Among the purposes of an indictment is to secure a defendant's right against former jeopardy by identifying the crime so as to protect the defendant against further prosecution based on that crime. State v. Crampton, 176 Or App 62, 67, 31 P3d 430 (2001). However, Oregon courts do not require an indictment to charge the offense with great specificity, at least for relatively simple crimes such as theft. Rather, the courts rely on discovery to inform the defendant of the details of the alleged crime that are necessary to be able to defend against the charge. See State v. Wright, 167 Or App 297, 999 P2d 1220, modified on other grounds on recons, 169 Or App 78, 7 P3d 738, rev den, 331 Or 334 (2000). Thus, a defendant seeking to assert a former jeopardy bar to a second prosecution may have to go beyond the words of the charging instruments in order to prove that the crimes alleged are the same. Under ORS 135.470 and ORS 135.520, the defendant must raise the issue by a pre-trial motion to dismiss, which the trial court decides as a matter of law. To decide such a motion, however, the trial court must necessarily resolve any factual issues, a role that the statute implicitly commits to it.

Deciding former jeopardy issues has always involved resolving factual questions. Before the adoption of ORS 135.470 in 1973, a defendant raised the issue by a plea of former judgment of conviction or acquittal, former ORS 135.820(3) (repealed by Or Laws 1973, ch 836, sect; 358), and the jury decided the issue by a verdict, although the court could decide the issue as a matter of law if the facts were clear. Former ORS 136.620(2) (repealed by Or Laws 1973, ch 836, sect; 242; renumbered as ORS 136.455); see, e.g, State v. Magone, 33 Or 570, 56 P 648 (1899). Although there do not appear to be any Oregon cases on point, federal courts, which followed a similar procedure, anticipated that a defendant might need to produce evidence to identify property or other details that an indictment described only in general terms. See Dunbar v. United States, 156 US 185, 191, 15 S Ct 325, 39 L Ed 390 (1895); Koa Gora v. Territory of Hawaii, 152 F2d 933, 935 (9th Cir), cert den, 328 US 62 (1946); Capone v. United States, 56 F2d 927, 933, cert den, 286 US 553 (1932).

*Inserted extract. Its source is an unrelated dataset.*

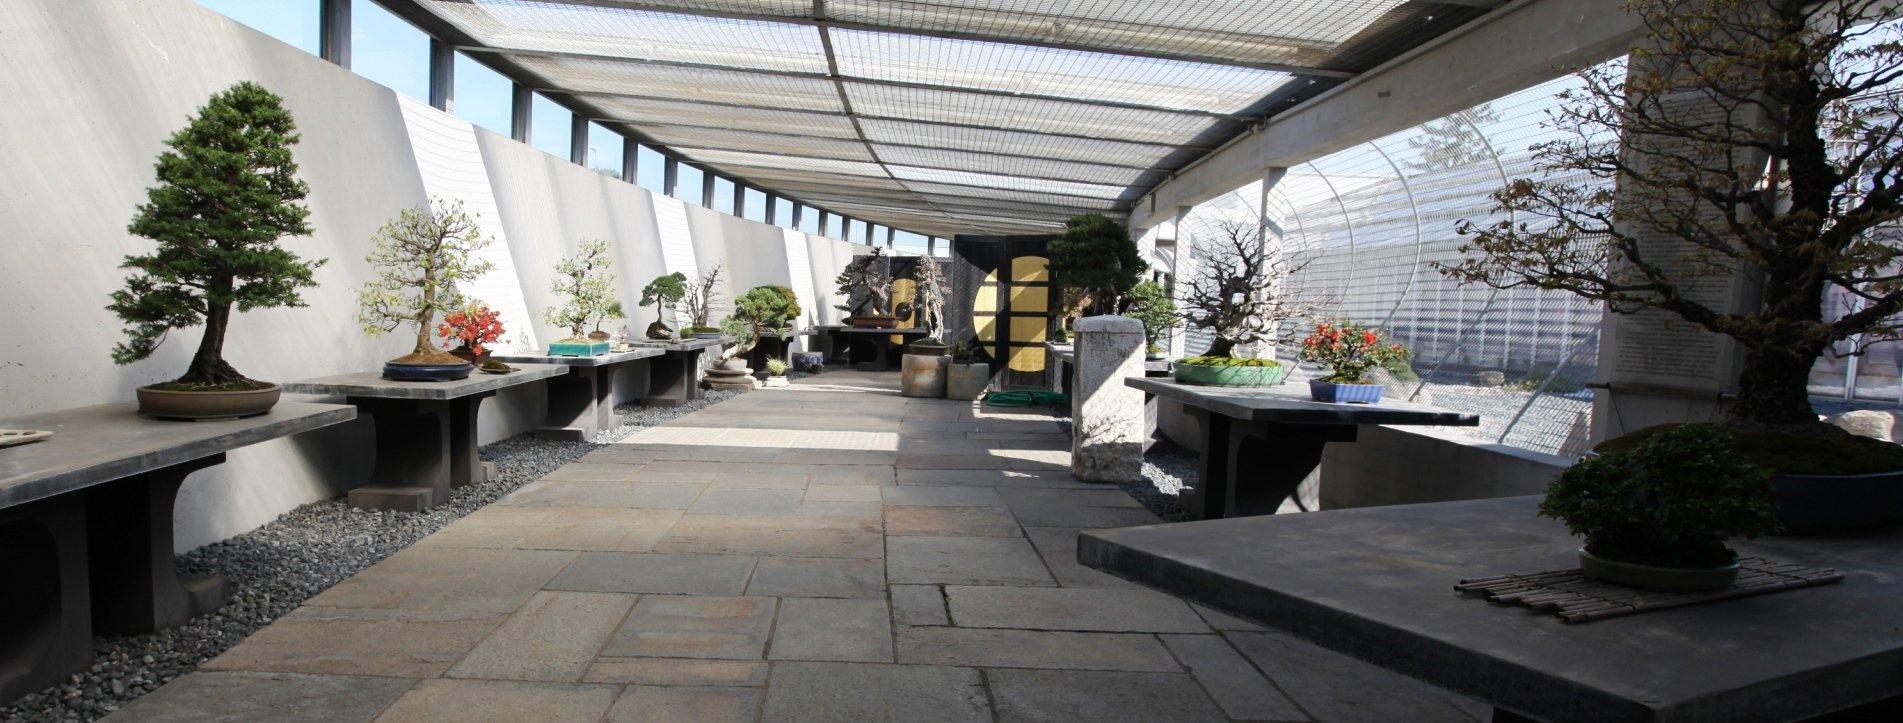 Museo Crespi Bonsai
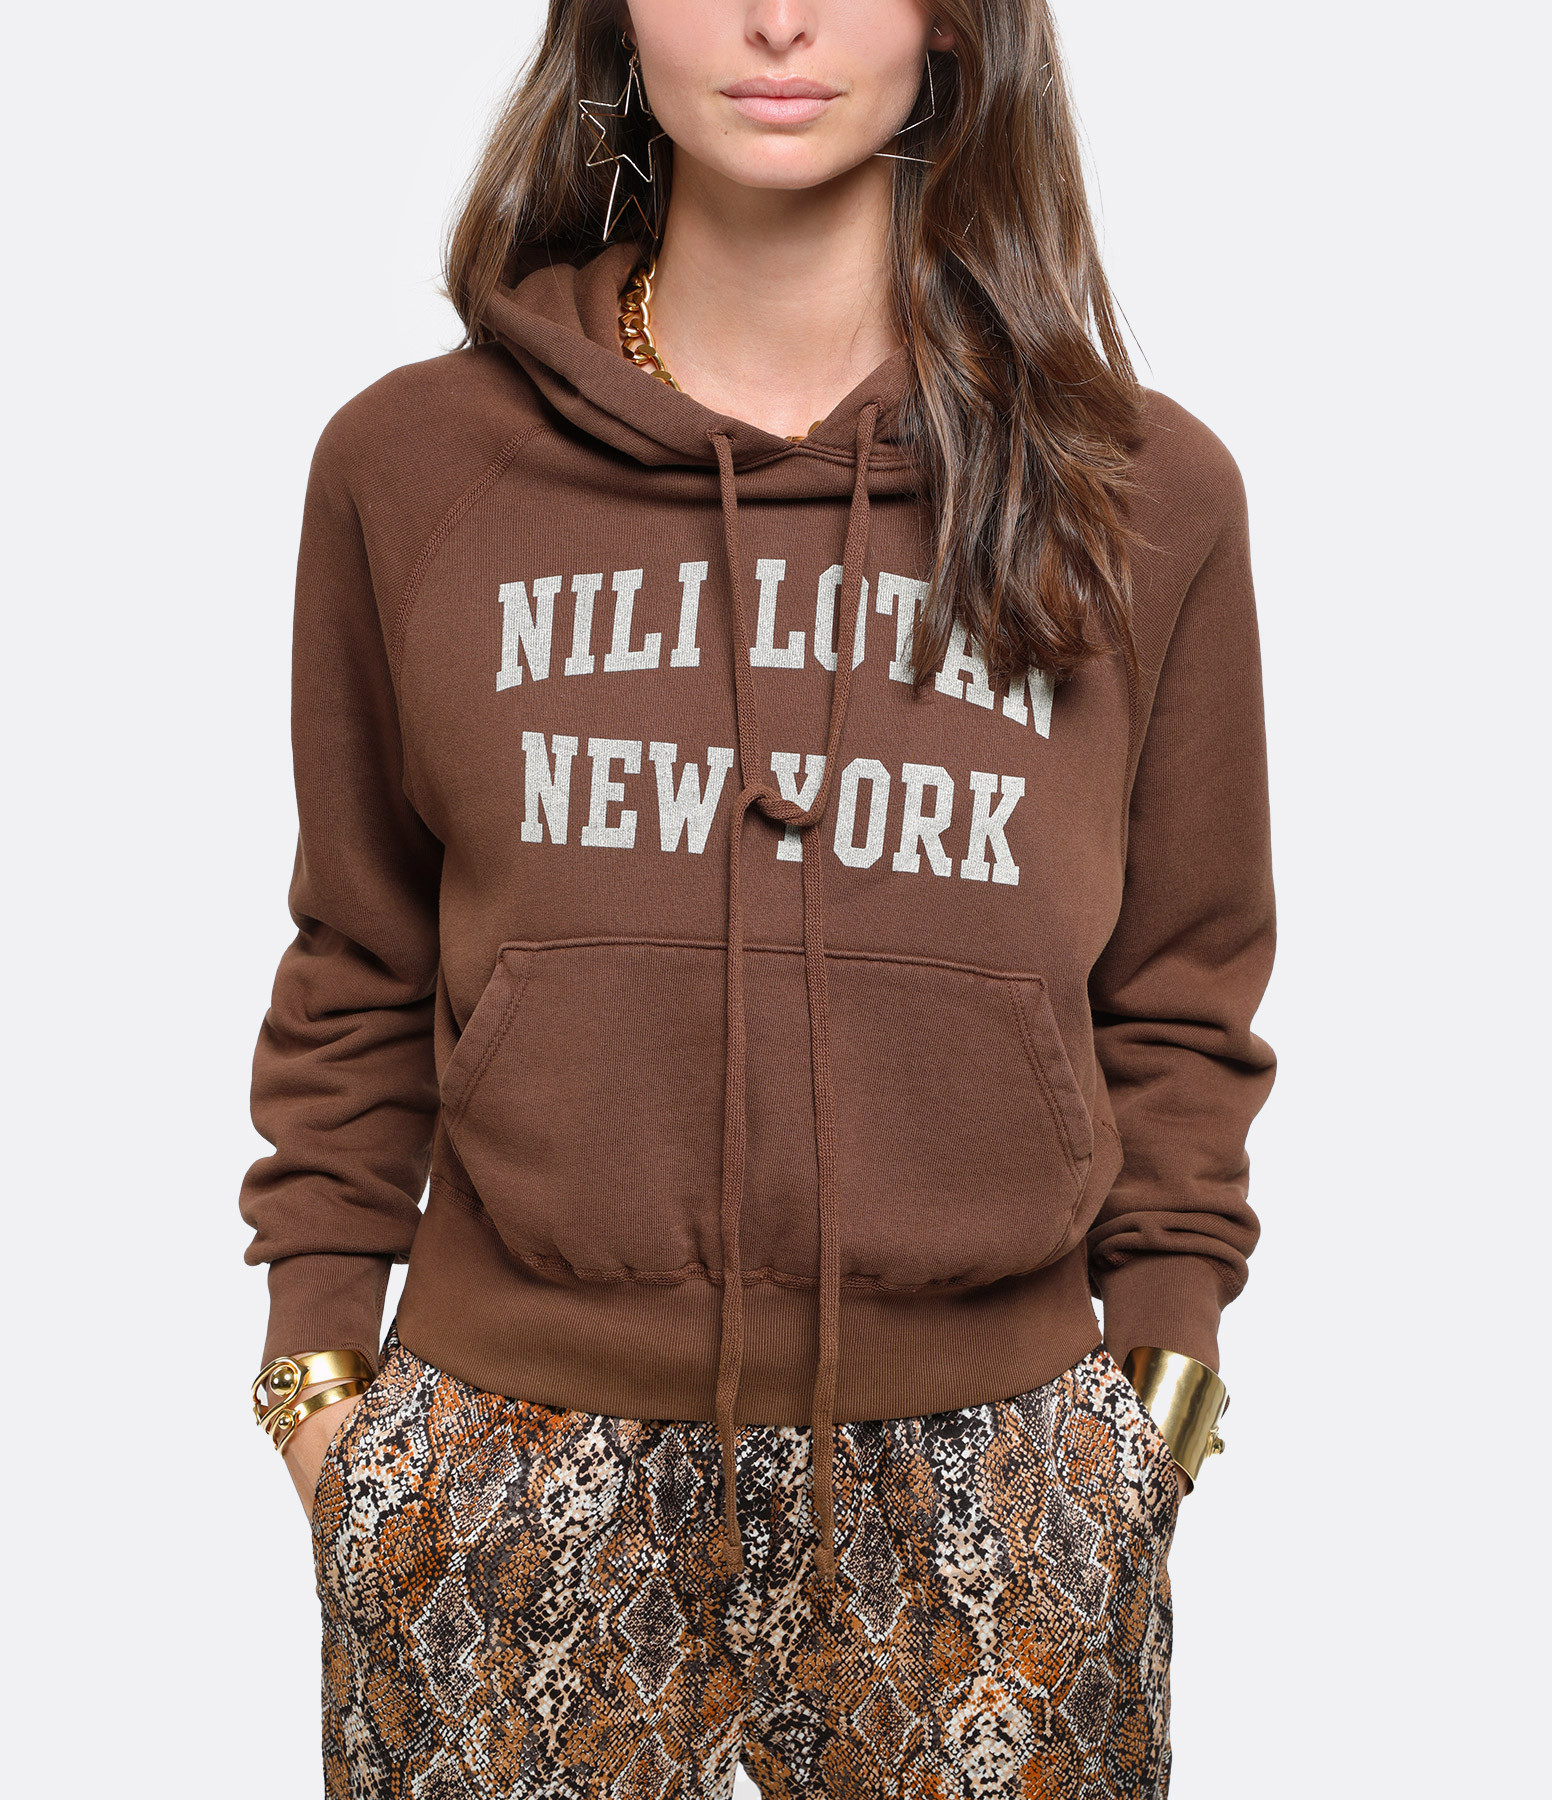 NILI LOTAN - Sweatshirt Nili Lotan New-York Imprimé Marron

In adopting ORS 135.470, the legislature transferred the factual decision from the jury to the court, but there is no indication that it intended to affect the parties' ability to introduce parol evidence when that evidence is necessary to make an incomplete written record complete. As a practical matter, that means that the trial court, rather than a jury, must find any facts that are necessary to the legal decision, similar to the way the court resolves factual issues in deciding motions to suppress and other pretrial matters. See ORS 133.673. An appellate court would be bound by the trial court's findings if there were evidence to support them, just as it is by trial court decisions on factual questions raised by motions to suppress and similar issues. See, e.g., Lichau v. Baldwin, 333 Or 350, 359, 39 P3d 851 (2002); Ball v. Gladden, 250 Or 485, 487, 443 P2d 621 (1968).

In this case, the question is whether the property involved in the Yamhill County indictment was also included in the Jackson County indictment. Again, that is a decision for the trial court to make in the first instance. We remand for it to do so, taking any additional evidence that it believes would be helpful to that decision.

Conviction vacated; remanded with instructions to determine whether property involved in Yamhill County indictment was also involved in Jackson County indictment; if same property was involved in both indictments the court shall dismiss the Yamhill County indictment; otherwise it shall reinstate the conviction.

1. The trial court merged an additional count of first-degree theft and two accounts of second-degree theft into the conviction for first-degree theft.